Negócios

Pizzarias entregam 500 redondas por dia em um único endereço


A massa, que custa R$ 10, é comercializada em oito pedaços, recheada de muçarela e calabresa na porta dos estádios. Motoqueiros também percorrem os bairros anunciando a promoção


  Por Mariana Missiaggia 16 de Fevereiro de 2018 às 08:00

  | Repórter mserrain@dcomercio.com.br


Em São Paulo, a moda do preço único não se restringe às lojas de roupas e utilidades domésticas.

Há algum tempo, empresários do ramo de pizzarias também investiram nesta modalidade e, aos poucos, consolidam uma nova maneira de vender o produto.

Funciona da seguinte maneira: o motoqueiro se abastece com capacidade máxima, em torno de dez pizzas, buzina, grita pelas ruas e as pessoas acenam para checar as opções disponíveis e comprar.

Pelo preço único de R$ 10, normalmente, os sabores oferecidos são de muçarela, calabresa, milho e frango com catupiry. A pizza é padronizada e leva uma quantidade menor de recheio em relação às tradicionais.

Em meio às seis mil pizzarias paulistanas, que produzem 570 mil redondas a cada dia, Dirceu Campos, dono da Big House, na Zona Norte, se considera um dos pioneiros neste tipo de comercialização.

Em 2013, um de seus clientes encomendou seis pizzas –três de calabresa e outras três de muçarela. Cada uma delas custaria pouco menos de R$ 20. Mas o entregador não encontrou o endereço e retornou com o pedido.

Para não perder o produto, Campos colocou as redondas de volta na motocicleta e saiu vendendo pelas ruas da redondeza, na região da Vila Guilherme. Para tornar a oferta atraente, decidiu anunciá-las por R$ 10.

Em menos de cinco minutos, conseguiu um comprador para o lote todo. Durante algumas semanas, Campos seguiu estudando como poderia transformar aquela ideia bem-sucedida em algo habitual e lucrativo para a pizzaria.

Sair vendendo pelas ruas, como fez da primeira vez, ainda não lhe parecia a melhor estratégia. Ele queria estar em algum lugar em que houvesse massa de público.

MOTOBOYS AGUARDAM FINAL DE PARTIDA COM PIZZAS

“Tive a ideia de fazer um teste durante um jogo do Corinthians, em Itaquera”, diz.

Acertou em cheio. Em menos de uma hora, as 50 pizzas que havia levado estavam vendidas e ele ainda deixou de atender a muitos clientes.

A cada partida, o empresário dobrava o número de pizzas dentro dos isopores e o número de motoboys.

Hoje, ele vende, em média, 250 pizzas por jogo. Mas, em partidas finais e às quartas-feiras, as vendas já ultrapassaram 500 unidades.

Para Campos, em tempos de crise, comprar uma pizza por R$ 10 se tornou para muitas famílias uma maneira econômica de driblar os aumentos recorrentes nos preços da alimentação fora do lar.

Bruna Mendes, gerente da Super Pizza, em Guarulhos, também aderiu à moda das pizzas por R$ 10.

Ela utiliza os mesmos ingredientes da pizza tradicional, que é vendida em média, por R$ 30, porém em menor quantidade.

De acordo com Bruna, uma pizza de muçarela tradicional tem um custo médio de R$ 7. Para as de R$ 10, o custo cai para R$ 3,50.

Diferente da Big House, a Super Pizza não vende em estádios.
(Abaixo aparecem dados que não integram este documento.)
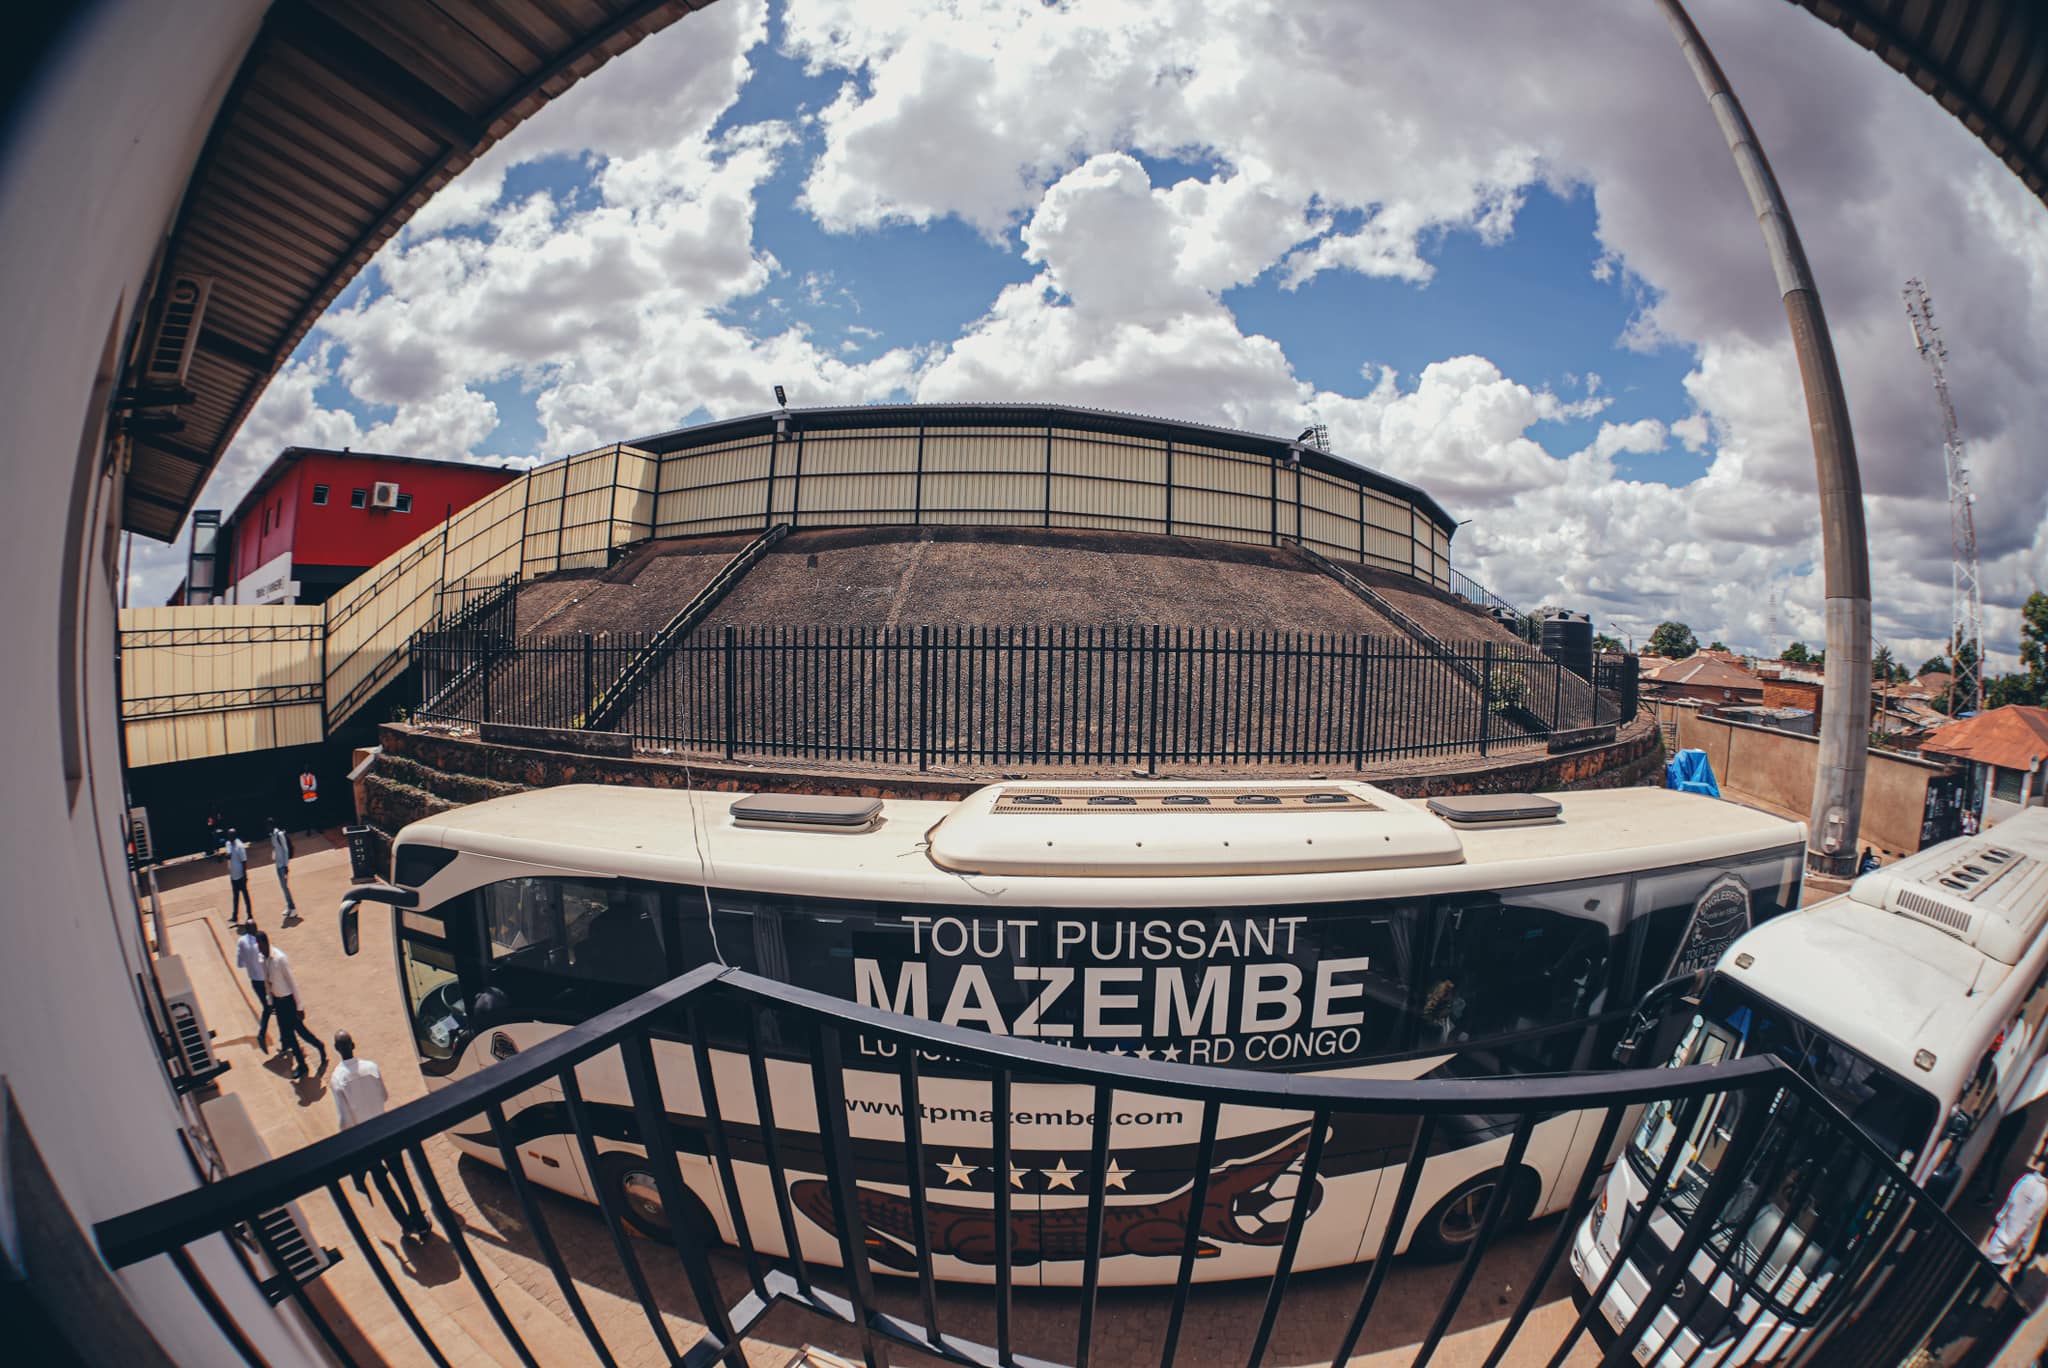 ملعب مازيمبي

Os motoboys passam de rua em rua seguindo uma escala organizada pelo proprietário.

Desde que começaram o esquema, há cerca de oito meses, o negócio aumentou o faturamento em 60%. A venda de pizzas de R$ 10 já responde por uma fatia de 80% do faturamento.

PIZZAS SÃO VENDIDAS POR R$ 10
 

“Multiplicando por 1,4 mil pizzas, que é o que normalmente vendemos por semana, a margem de lucro é ótima”.

A proposta é considerada uma saída criativa na opinião de Wilson Borges, consultor do Sebrae –SP. Por se tratar de um segmento muito concorrido, todas as iniciativas são válidas para aumentar o número de vendas.

No entanto, o consultor alerta que é preciso atenção para equilibrar custo baixo e alto giro. As compras devem ser constantemente reavaliadas para que a margem de lucro não seja reduzida.

Além disso, se alguma dessas pizzarias deseja crescer é importante planejar muito bem qualquer movimentação relacionada à expansão. Pois, como toda moda, essa também poder ter um prazo de validade e não necessariamente funciona em qualquer bairro ou cidade.